Летопись далека от беспристрастности, в ней много и прямых искажений фактов. Очевидное возвеличивание автором Даниила Галицкого вело к соответствующему освещению событий в согласии с его политической позицией. Так, в противоречии с действительностью находится объяснение похода на Литву 1274 года "неволею" русских князей. В действительности галицкие князья просили помощи у Менгу-Тимура, которую тот и оказал, привлекая к походу брянских и смоленских князей. Это не было прямым подчинением русских князей Орде, ведь к Смоленску ордынцы и близко не подходили. В Повести о гибели Михаила Черниговского казнь князя, совершенная по чисто политическим причинам, представлена как мученичество за христианскую веру. "Повесть" очень своеобразно интерпретировала обычаи в Орде, упоминая о вынужденном, насильственном поклонении Михаила языческим идолам.

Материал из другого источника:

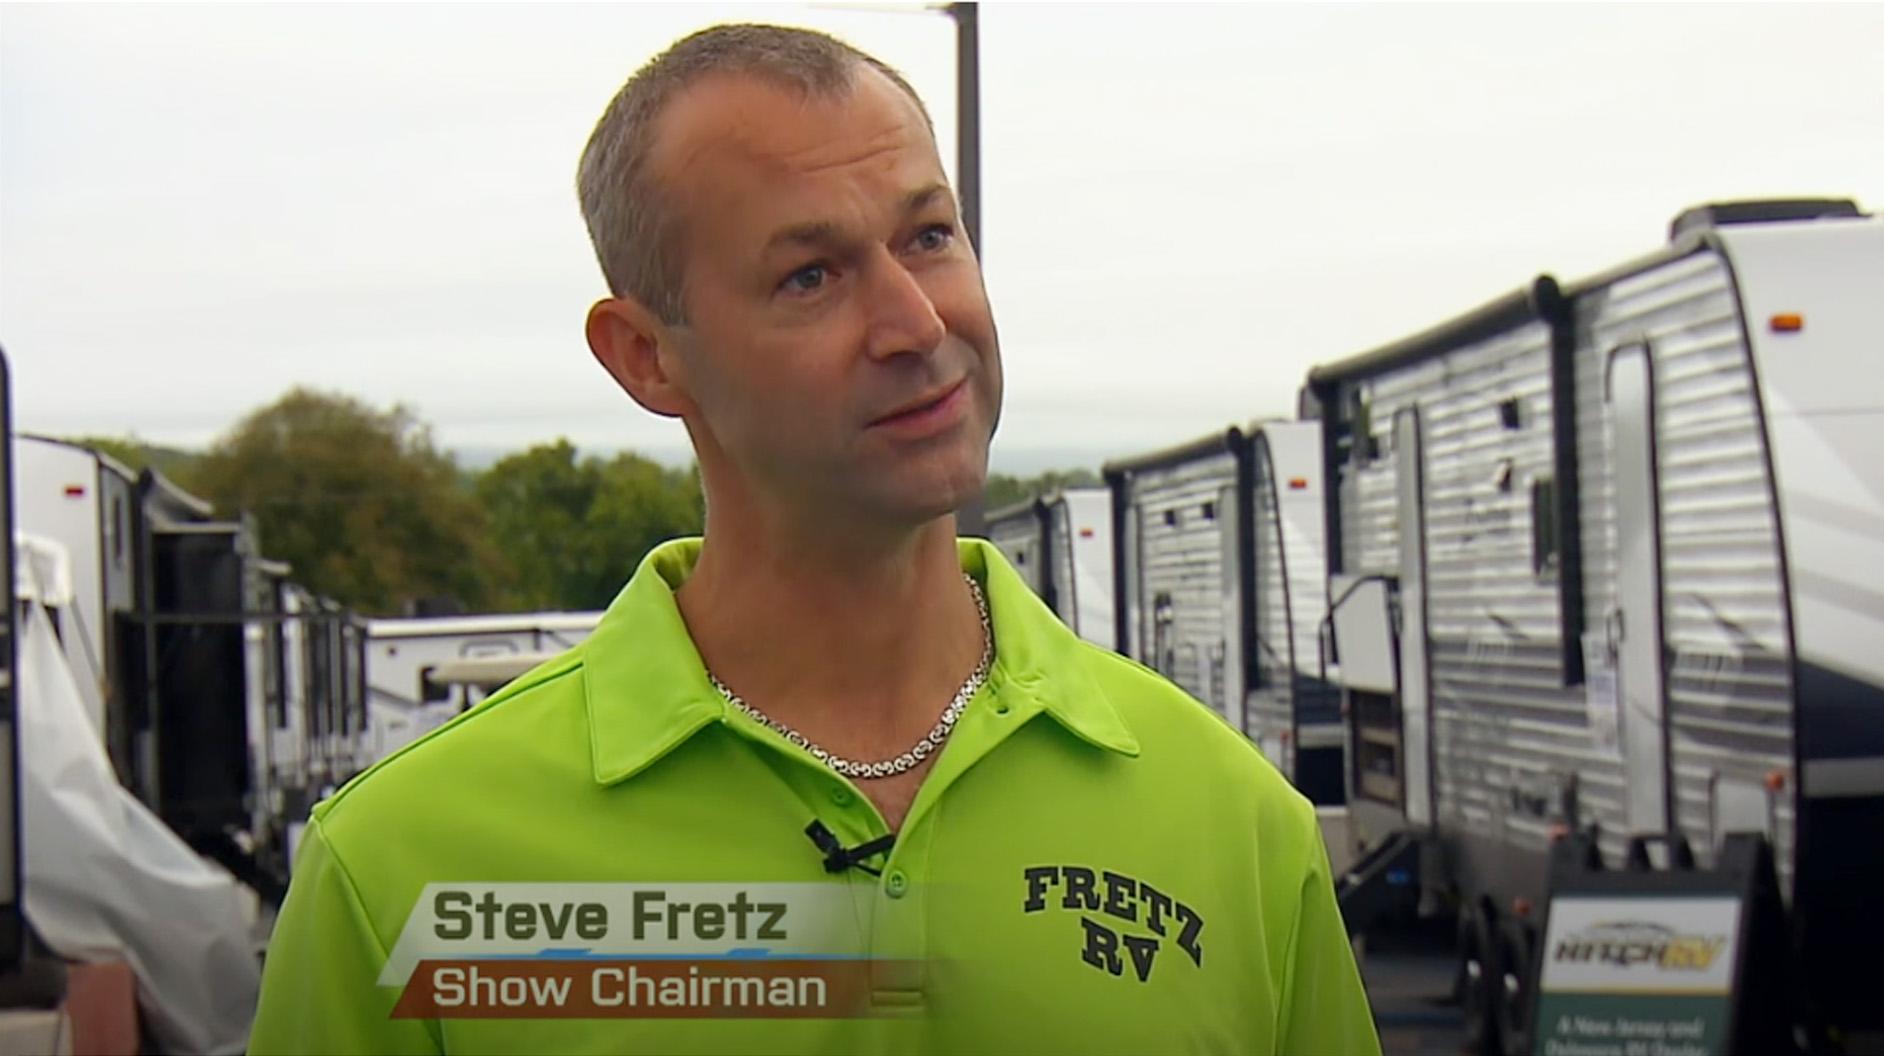 Steve Fretz, Fretz RV, America's Largest RV Show Chairman
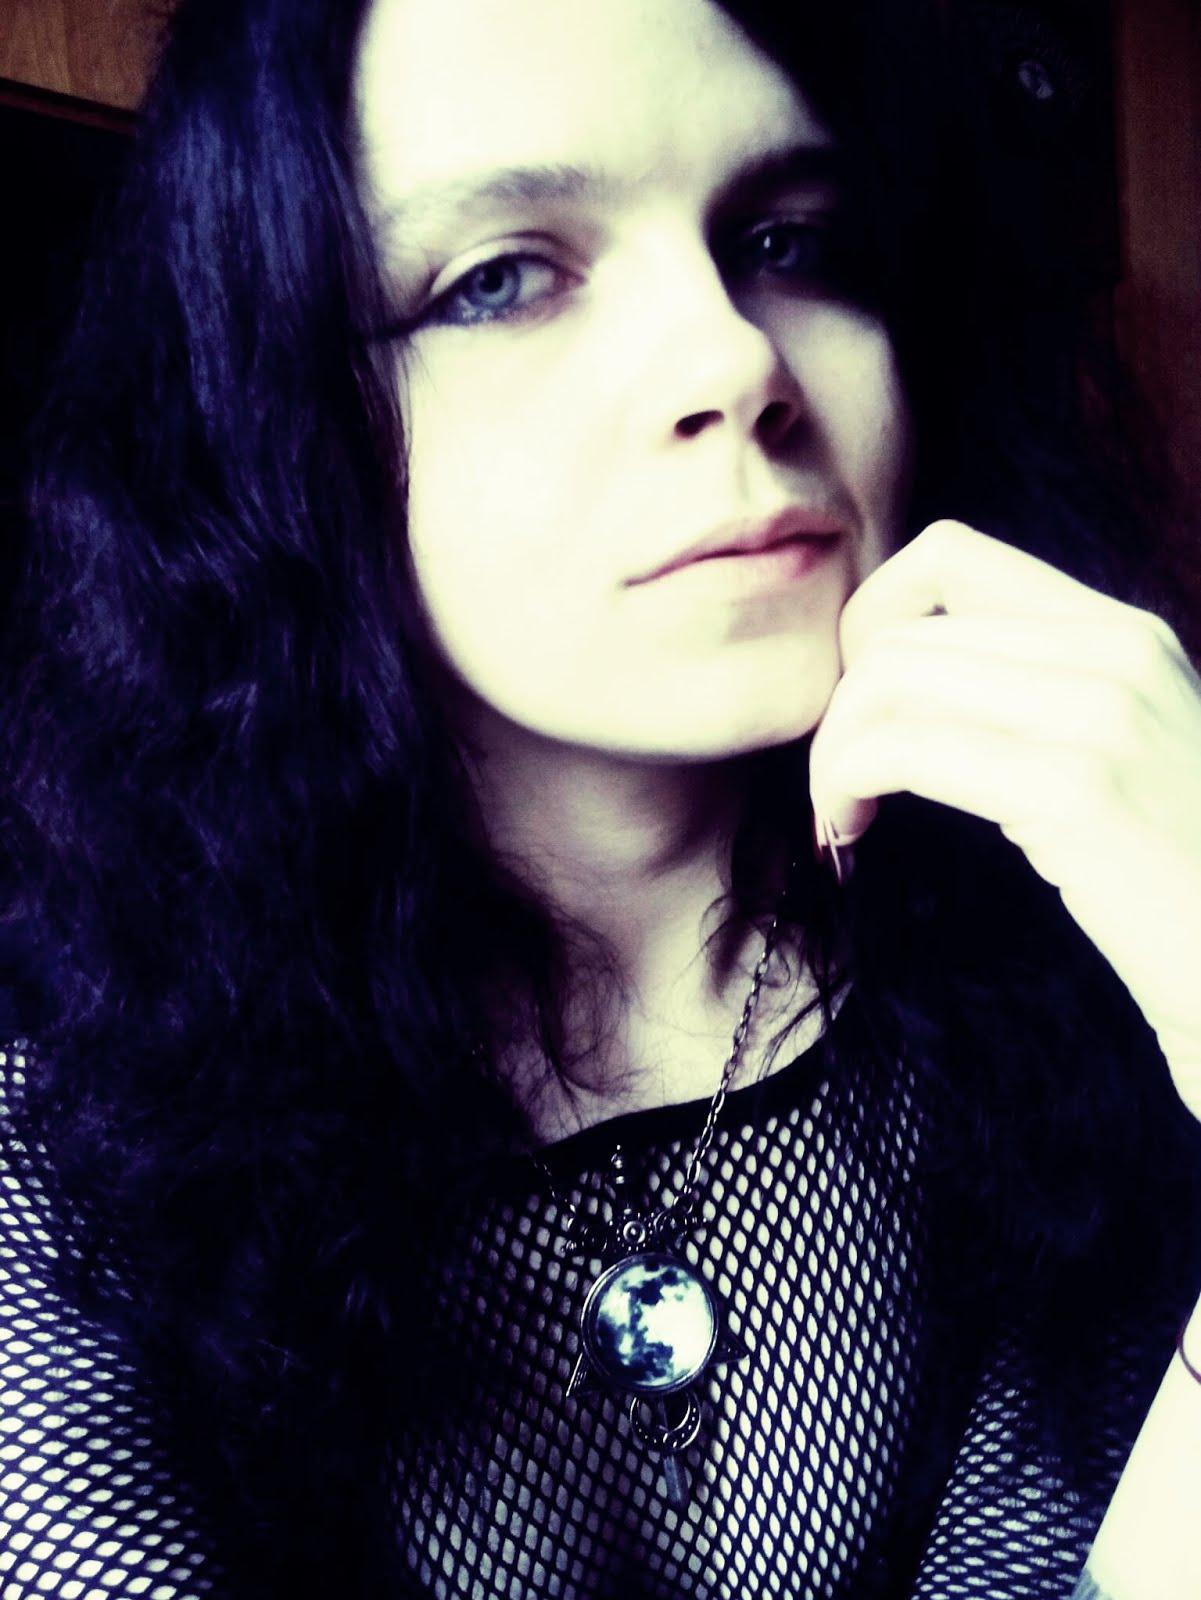 ☥ Judith Lorelei Van Salem ☥

1.3 Взгляды хронистов разных стран
Метафорические измышления о нашествии, сопряжённые с эсхатологическими ожиданиями, характерны для всех стран, которых коснулось нашествие, вне зависимости от времени пребывания на конкретной территории монгольских войск и степени сопротивления местного населения. При описании монгольских нашествий хронистами самых разных стран использовались на удивление похожие приемы. Эти приемы, безусловно, не являлись исключительной "привилегией" именно XIII века. Сам расцвет жанра "плачей" по городам на арабском Востоке, например. Относится к XII веку, когда описывались бедствия городов Андалусии, некогда процветавших под началом арабов-мусульман, а позднее пришедших в упадок в результате варварских христианских завоеваний. Описания такого рода, как правило, стоятся на контрасте - город-эталон процветания и изящества после покорения иноземцами превращен в груду развалин, где скачут одинокие газели или другие представители местной фауны. Даже в этом противопоставлении заключен стереотип, указывающий на традицию. В чисто литературном плане могли использоваться гиперболы, метафоры, или, как на Руси, псевдореалистические описания.
1.4 Другие мнения
Немногие сохранившиеся произведения нелетописного круга далеко не однозначны. Помимо "Слов" Серапиона Владимирского, специализировавшегося на проповедях по случаям природных и иных бедствий, существуют и другие произведения, в которых оценка отношений с Ордой скорее нейтральна. Плачи Серапиона - прямой показатель суггестии в психологии общества, когда распространение эсхатологических настроений, страх как позиция, овладевают массами, и принимают пандемический характер. Дело здесь не только и не столько в происходящих вокруг бедствиях, сколько в напряжении общества. При оценке "Слов" Серапиона исследователи приводят лишь одну-две фразы, говорящие о жутких последствиях нашествия, забывая не менее страшные выражения, касающиеся отношений между людьми. Возможно, что в позднейшем летописании продолжал производиться, осознанный или нет, отбор сведений, подтверждающий антитатарскую позицию русских князей. Так, в этом свете можно рассматривать судьбу записи о поведении муромского князя в 1237 году, которая сохранилась только в позднейшей "Муромской летописи-топографии". Интересно, что в позднейшем летописании подобным вопросам уделялось значительно меньше внимания. В обществе существовало положительное представление о "правде татарской", наглядно выраженное в письмах Ивана Пересветова, но при этом именно "лютии же поганци татарове" названы корнем вражды русских князей в Прологе 1661 года.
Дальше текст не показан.